The DC Archive Editions preserve DC's history and provide readers with stories that normally would not be available. When the series first started, the cover price was U.S. $39.95, but in the early 1990s the standard cover price became U.S. $49.99, although some books in the line containing more content have cost much more (with a higher page count and higher cover price). Since 2009, new volumes have been released with a cover price of U.S. $59.99.

In the early to mid-2000s, newer printings of previously published DC Archive Editions volumes were released at the special introductory cover price of U.S. $19.95. In 2001, excess stock of Batman Archives Vol. 1 (originally released back in 1990) first printing edition was sold for this reduced price, with a new price sticker placed on the book's shrink wrap. Sales proved successful, as the remaining inventory sold out.

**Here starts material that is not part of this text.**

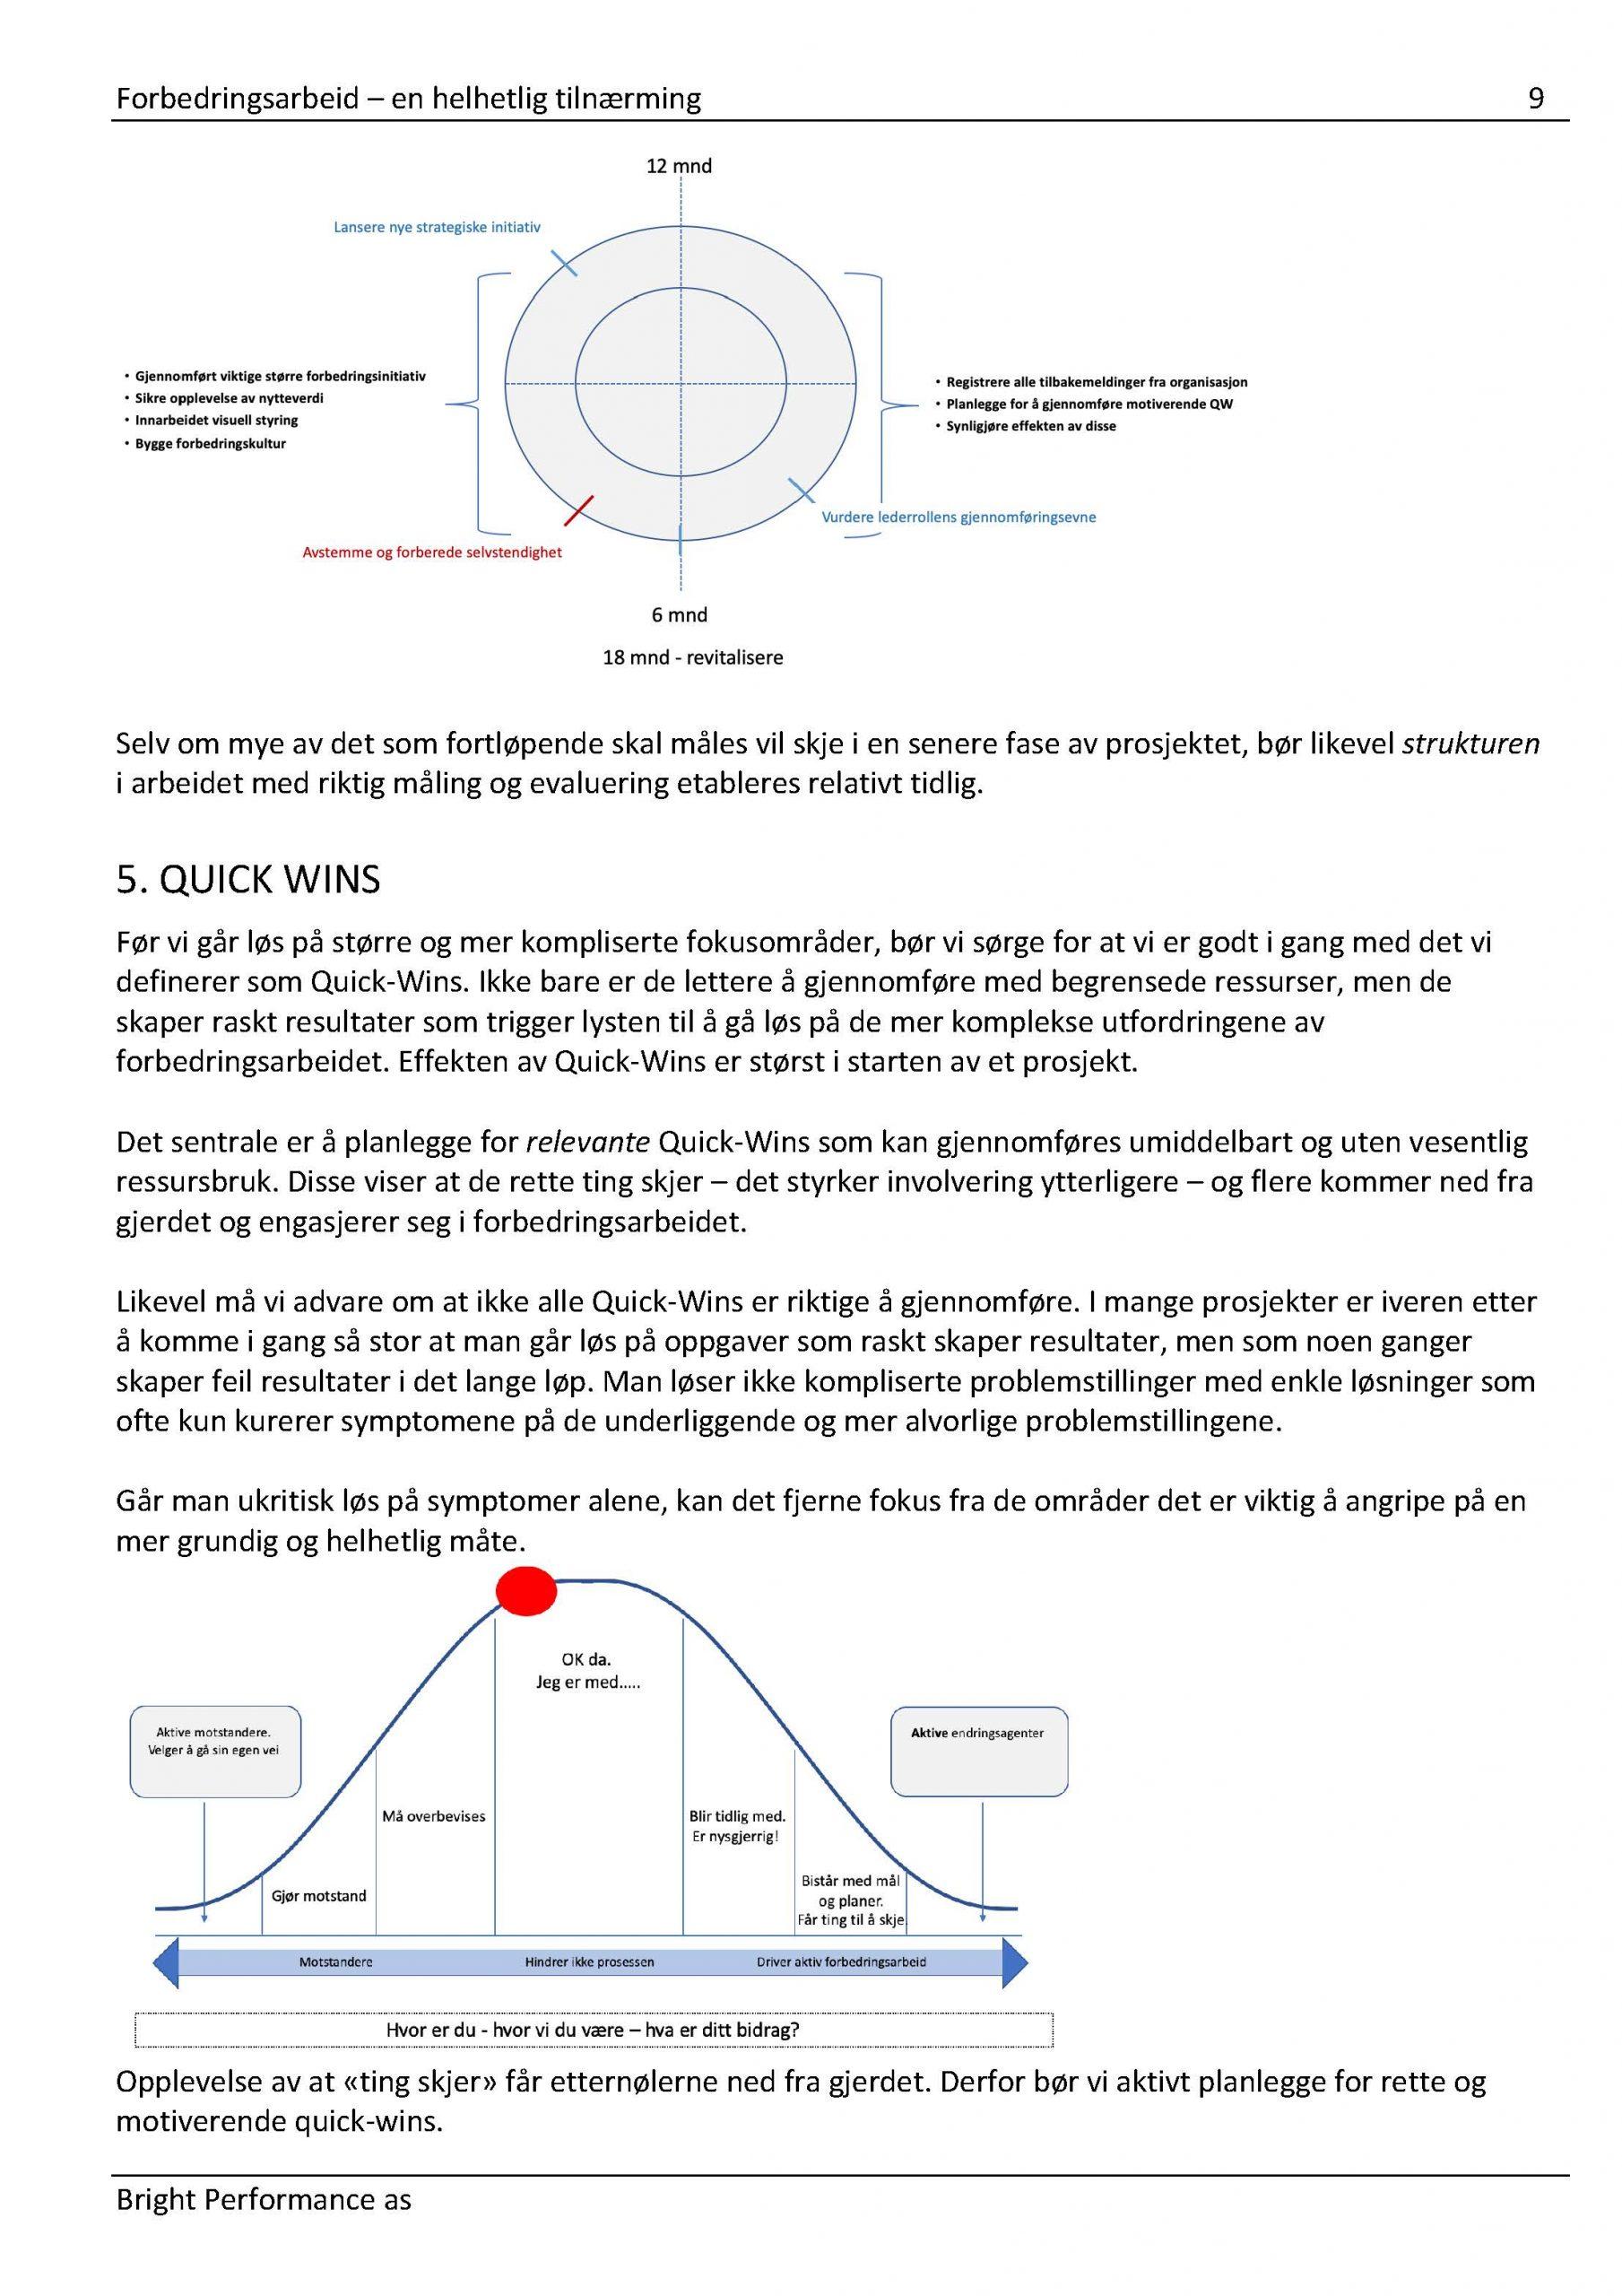 Forbedringsnotat side 10

DC used this promotional price again with a second printing of Batman Archives Vol. 1 in 2003 (only pre-ordered copies of this second printing for the direct market were at this lower price, while the remaining stock for the bookstore market was at the regular U.S. 49.99 price), Superman Archives Vol. 1 (fifth printing) in 2004, and Batman: The Dark Knight Archives Vol. 1 (third printing) in 2005.

It was widely believed that the DC Archive Editions would cease publication in 2008, but, in an issue of the publication Comic Shop News (issue #1080, February 27, 2008), an update was provided: "In spite of earlier reports of their demise, DC Archives will continue in 2008 and 2009, although in reduced numbers, focusing on continuing already-established Archives' series". The numbers have since decreased from 14 volumes released in 2007 to seven released in 2008, five in 2009, four in 2010, and three in 2011, before rebounding in 2012 with 10 volumes. In 2013, the volume length was increased to 400 pages, but only three volumes were released. The most recent volume, Superman: The Man of Tomorrow Archives Vol. 3 was released in 2014. A Captain Comet Archive Vol. 1 and Batman: World's Finest Comics Vol. 3 were both solicited by DC for release in 2013, but both were cancelled prior to release and have yet to be rescheduled.

Post-2014, with no new DC Archive Editions released, DC has instead published the hardcover DC Omnibus line, with various titles/characters from the Golden Age, the Silver Age, and the Bronze Age eras, and each Age era Omnibus volume is also published as two or three (depending on page count) trade paperbacks, replacing the DC Archive Editions line.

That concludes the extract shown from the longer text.